[Opening Dataset records section]

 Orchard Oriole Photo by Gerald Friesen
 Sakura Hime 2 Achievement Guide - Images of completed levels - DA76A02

[Closing Dataset records section]
[Opening Dataset records section]

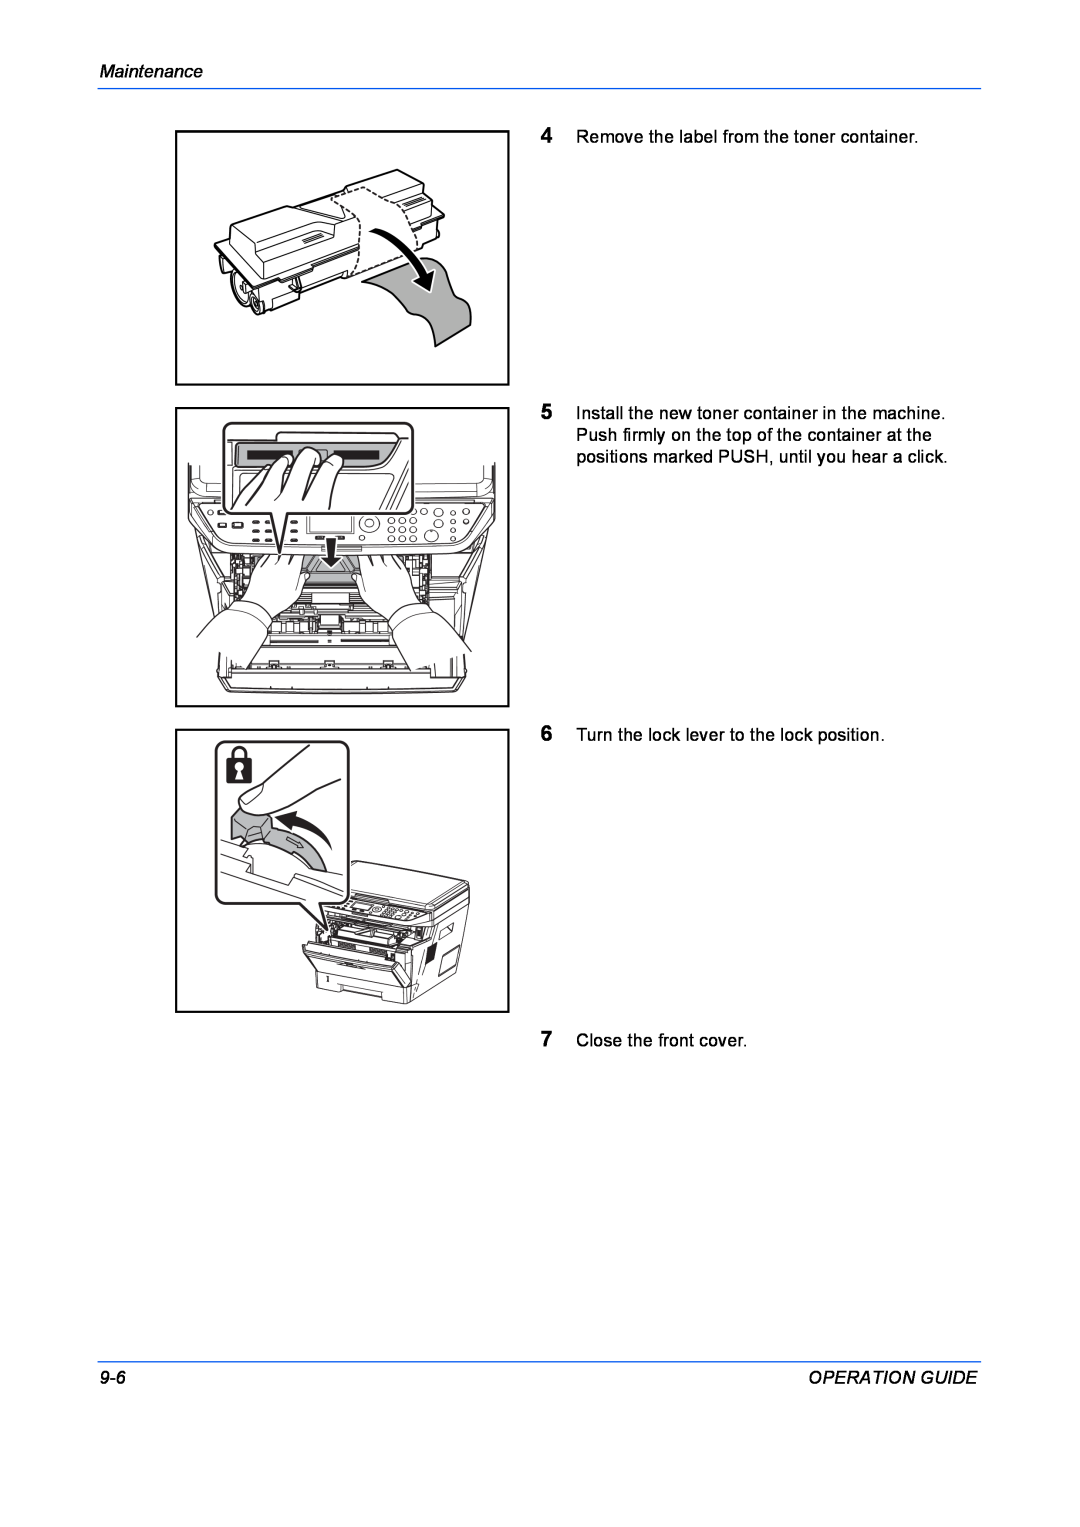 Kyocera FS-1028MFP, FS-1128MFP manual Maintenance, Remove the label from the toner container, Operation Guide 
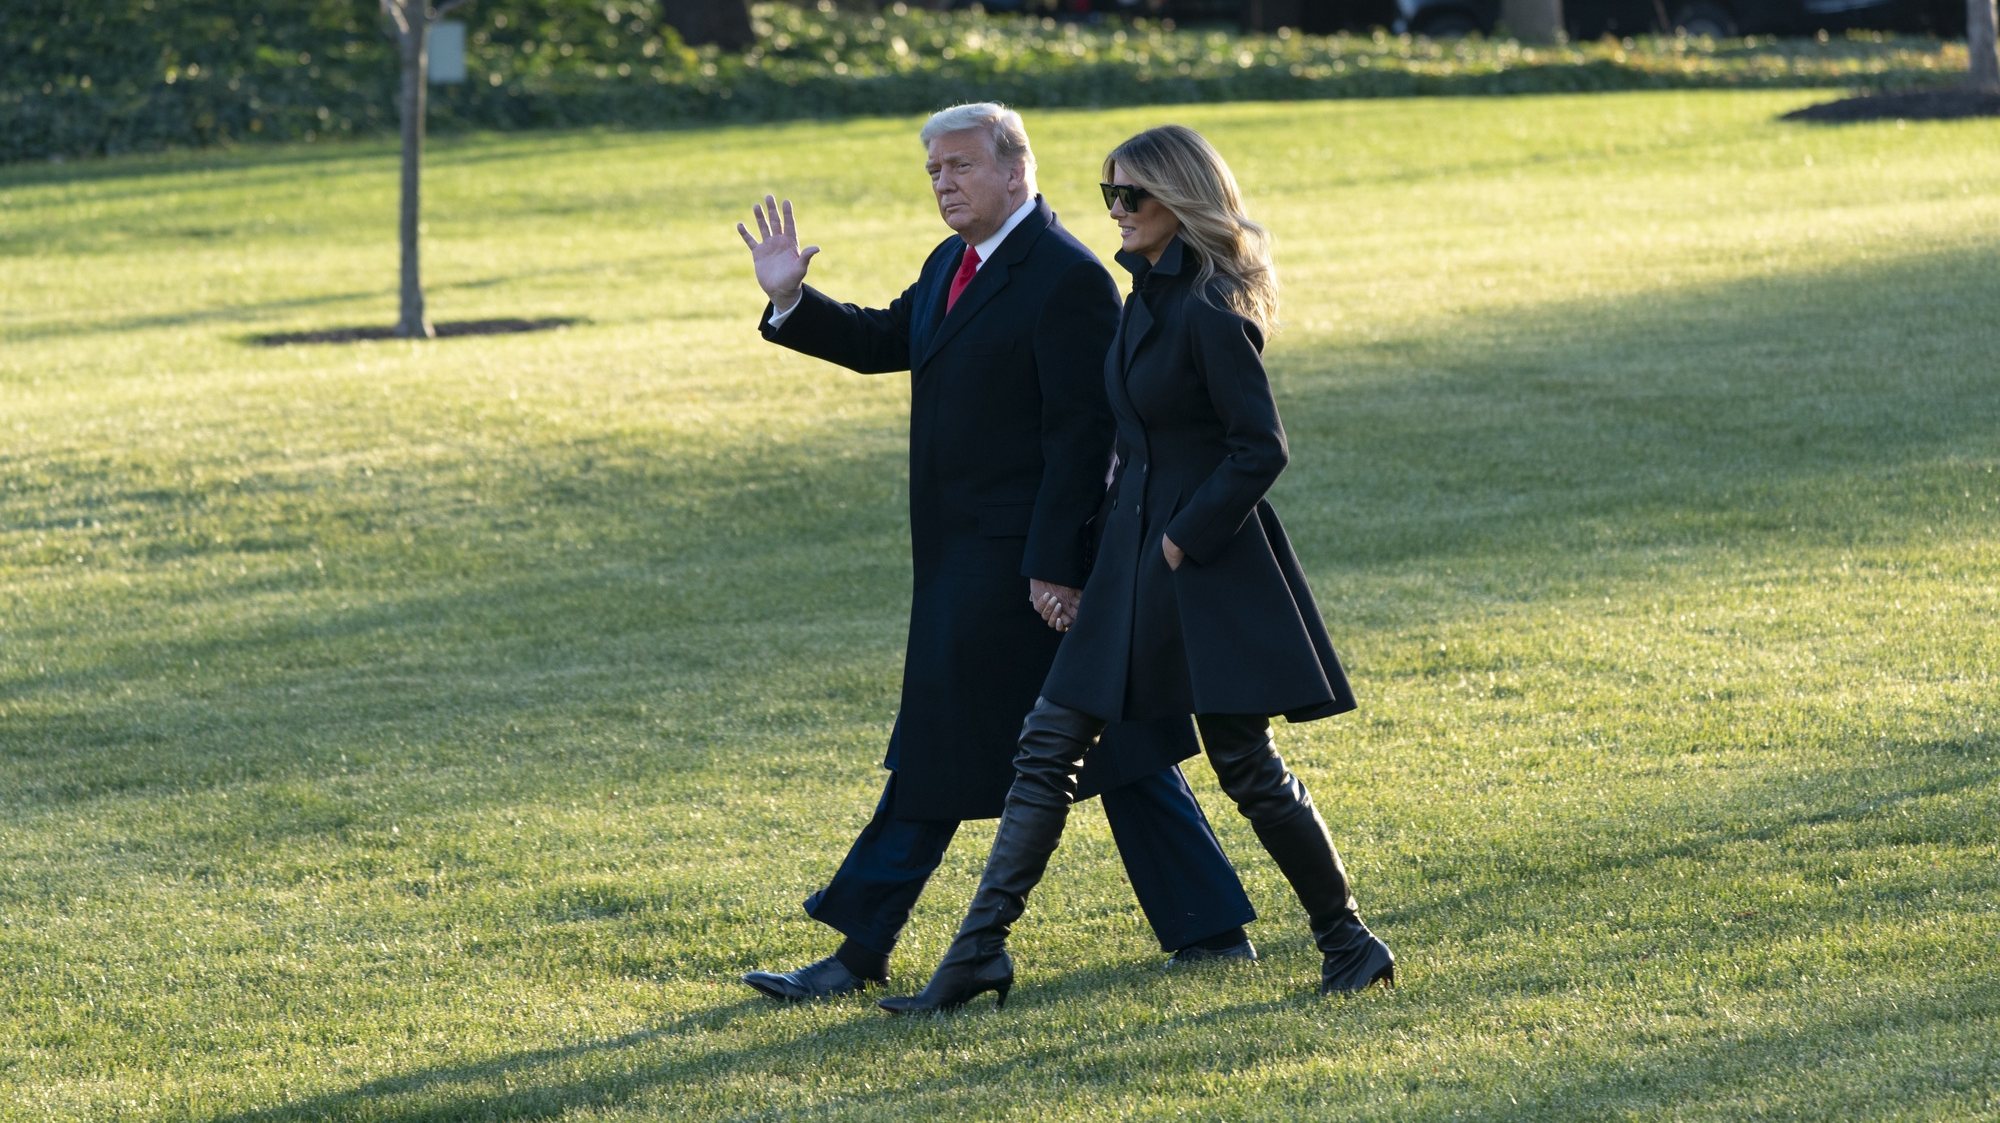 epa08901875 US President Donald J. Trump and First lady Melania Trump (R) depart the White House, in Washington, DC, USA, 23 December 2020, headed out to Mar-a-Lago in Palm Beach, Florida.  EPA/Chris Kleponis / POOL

[Closing Dataset records section]
[Opening Dataset records section]

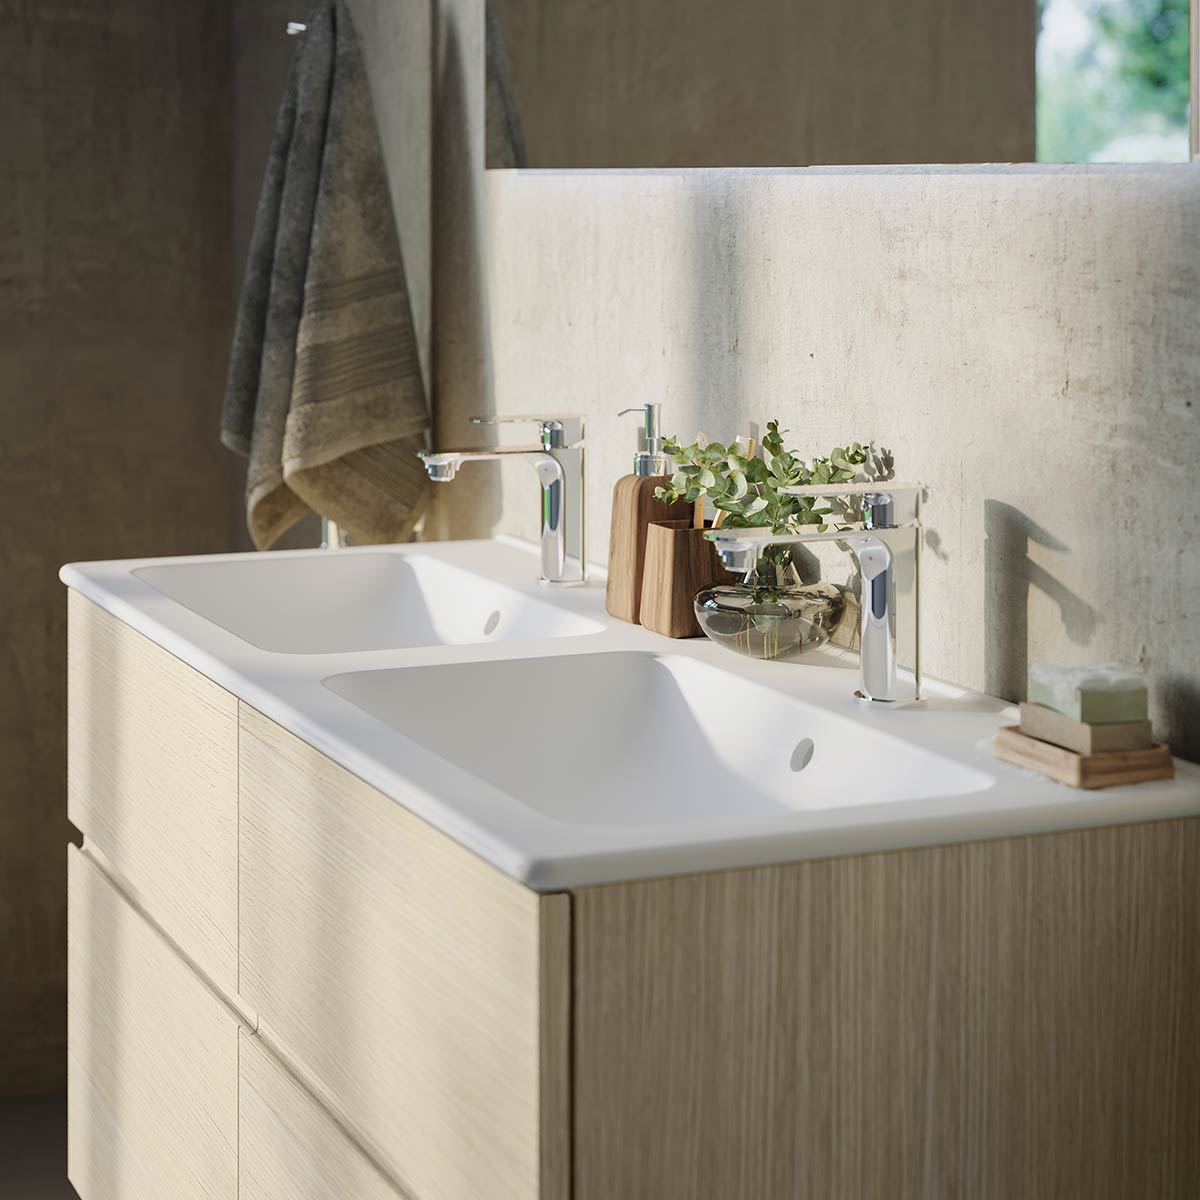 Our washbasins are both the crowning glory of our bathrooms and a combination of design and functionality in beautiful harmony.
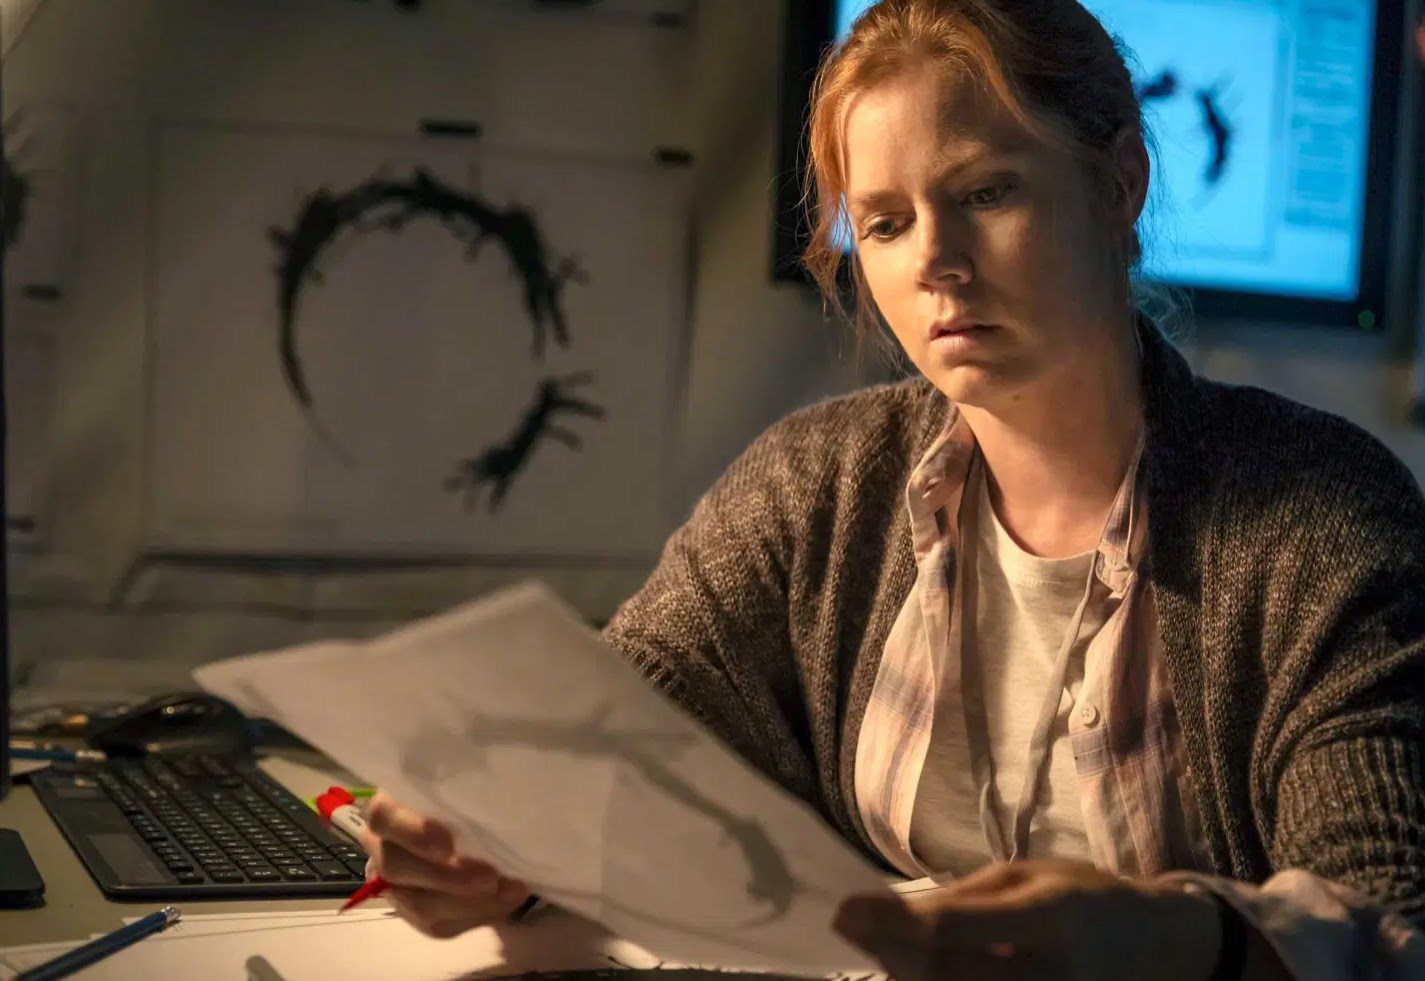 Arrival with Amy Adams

[Closing Dataset records section]

Of all the material above, only the lines from the one that has "Kyocera FS-1028MFP, FS-1128MFP" down to the one that has "epa08901875 US President" are to be written out, exactly and with both ends included. Pictures are skipped.

 Kyocera FS-1028MFP, FS-1128MFP manual Maintenance, Remove the label from the toner container, Operation Guide 
 epa08901875 US President Donald J. Trump and First lady Melania Trump (R) depart the White House, in Washington, DC, USA, 23 December 2020, headed out to Mar-a-Lago in Palm Beach, Florida.  EPA/Chris Kleponis / POOL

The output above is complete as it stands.